Early Tennessee Brewery Postcard

The Tennessee Brewery building stands at the intersection of Butler and Tennessee streets in Memphis, Tennessee. It is directly on the bluff overlooking the Mississippi River. The building once housed the Tennessee Brewing Company, a leader in early brewery production.

==History==
The brewery was originally organized in 1877 by George H. Herbers as "The Memphis Brewing Company". In 1885, it was bought by J. W. Schorr, Casper Koehler, and associates, and soon became one of the largest breweries of the era.

The first beer marketed from the brewery was a Pilsener. Like many other brands of the time, the beers were not usually named. Instead, the type or style of the beer was used as the name, along with the name of the brewery. They also produced several other beer styles. An ad from 1890 lists their styles as Pilsener, Export, Budweiser, Tennessee Pale, and Bavarian. Later, two new brands called Columbian Extra Pale and Erlanger were also produced, before prohibition shut down operations.
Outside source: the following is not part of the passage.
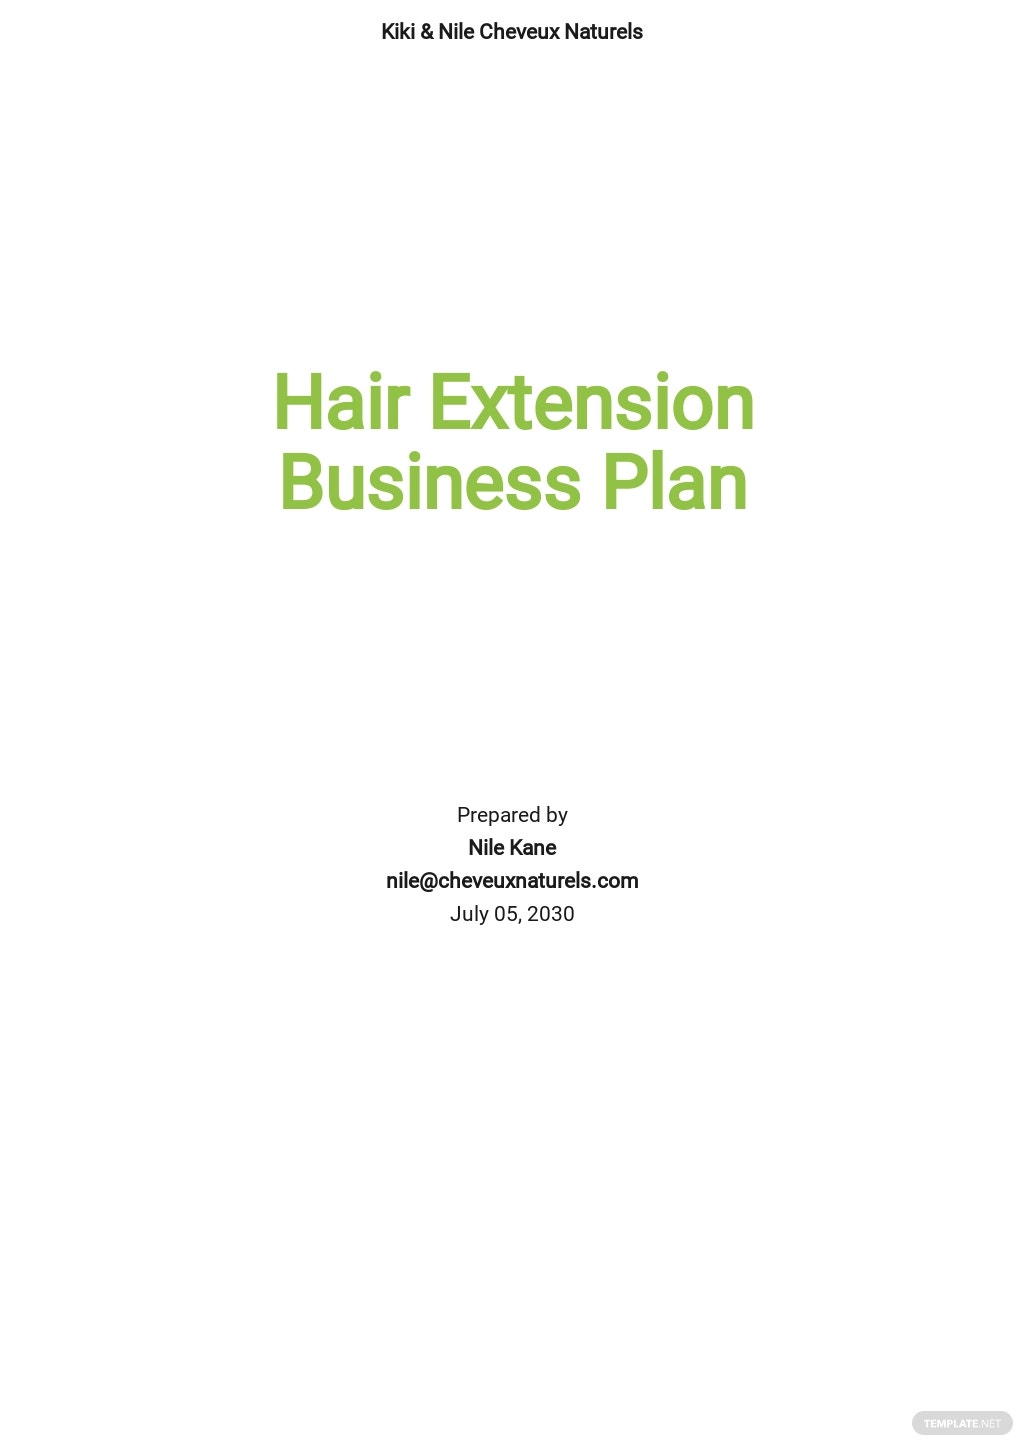 Hair Extension Business Plan Template

At one point, more than 1500 workers worked at the brewery. By 1903, production was up to 250,000 barrels per year making it the largest brewery in the south. Prohibition shut down operations, however after prohibition ended, the plant was reopened by J. W.'s son, John Schorr. Very rapidly, they got back up to production speed, and the best known and leading beer sold in Memphis for many years was "Goldcrest". After 1938 the beer was named "Goldcrest 51", to honor more than 51 years in the brewing business.

Goldcrest 51 was a bottled beer until 1947, when they started using cans. As a somewhat local beer, the brewery actually used returned bottles up until they ceased all operations, in 1954.
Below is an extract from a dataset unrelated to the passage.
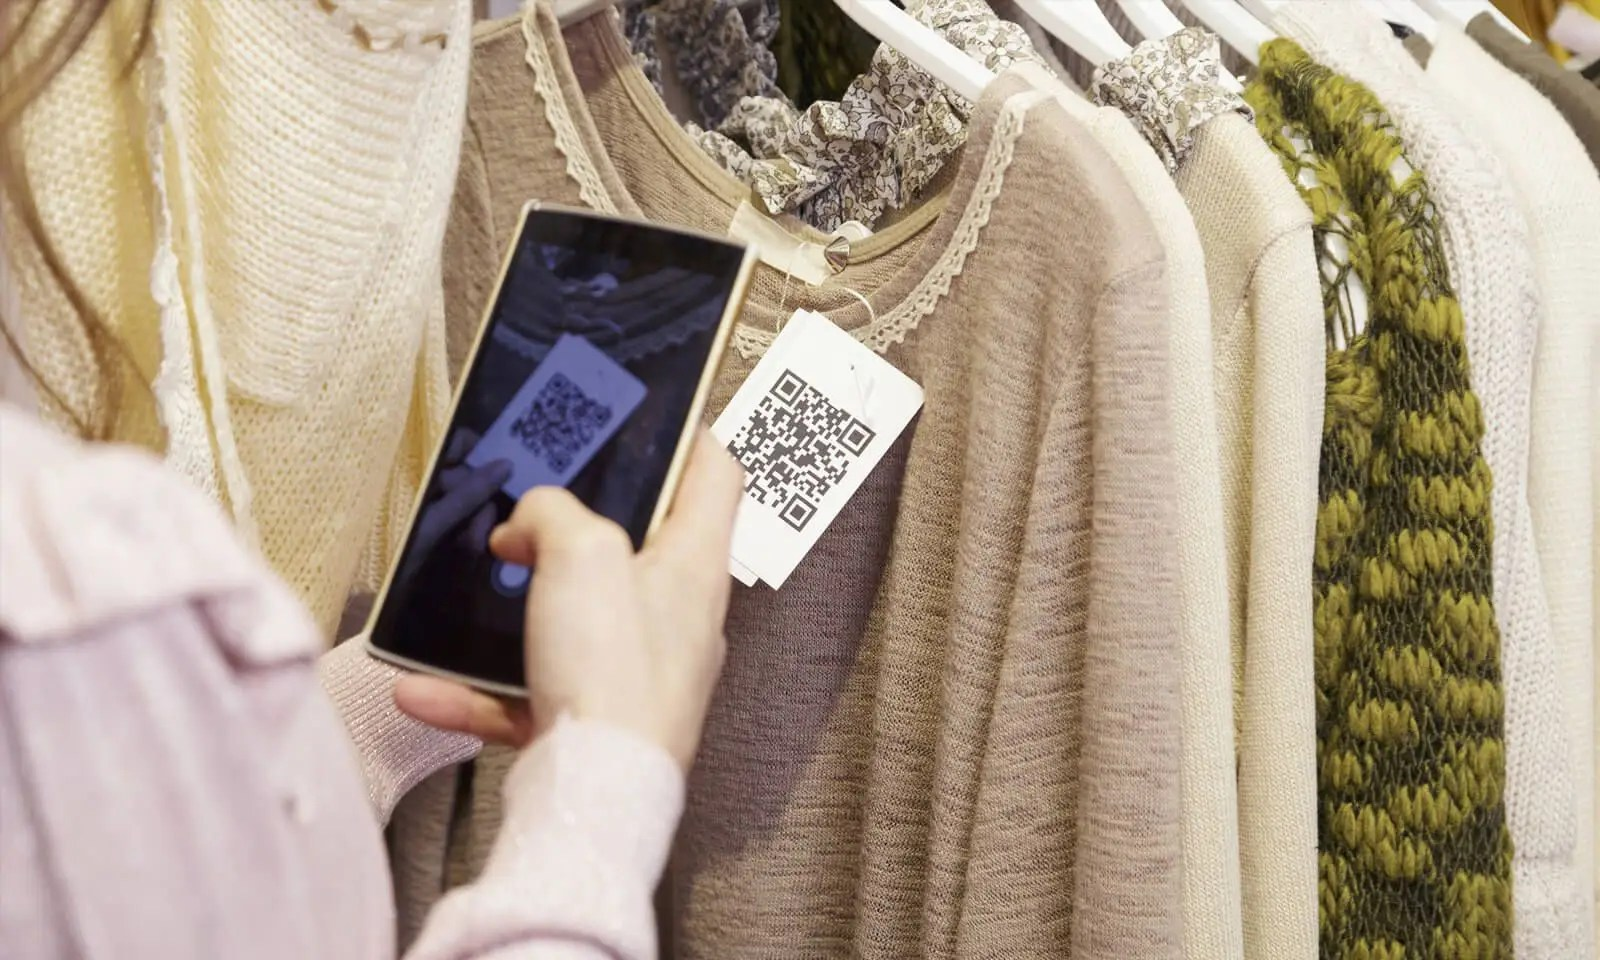 Las mejores herramientas de E-commerce para empresas para esté 2020

The building that remains today was erected in 1890 and is basically unchanged from that time (other than renovations performed to keep the building intact for possible further development in the future). The bottling plant was an add-on to the building much later, in 1938. Plans have been made in the past to turn the building into condominiums or shopping space, however none of these have occurred.

Goldcrest
Goldcrest 51
Pilsener
Pearl of Memphis

==Current status==
The Tennessee Brewery was previously owned by The Tennessee Brewery LLC. The 65720 sqft property was appraised in 2005 at $248600. Brewery Tennessee LLC transferred the property for $350000 to The Tennessee Brewery LLC in 1999. It was transferred to Brewery Tennessee LLC in 1995 from Marvin Ratner.

After the Tennessee Brewery "Untapped" event held there during the spring of 2014, the revived interest in the brewery led it to be purchased for $825000 by Billy Orgel, a cell phone tower developer based in Memphis. The event was held again, as a "Revival" in the spring of 2015, before development work began on the building that fall. The current owner of record is "495 Tennessee LLC". Modification work has been done to turn the building into apartments, and units are available for reservations on an as available basis.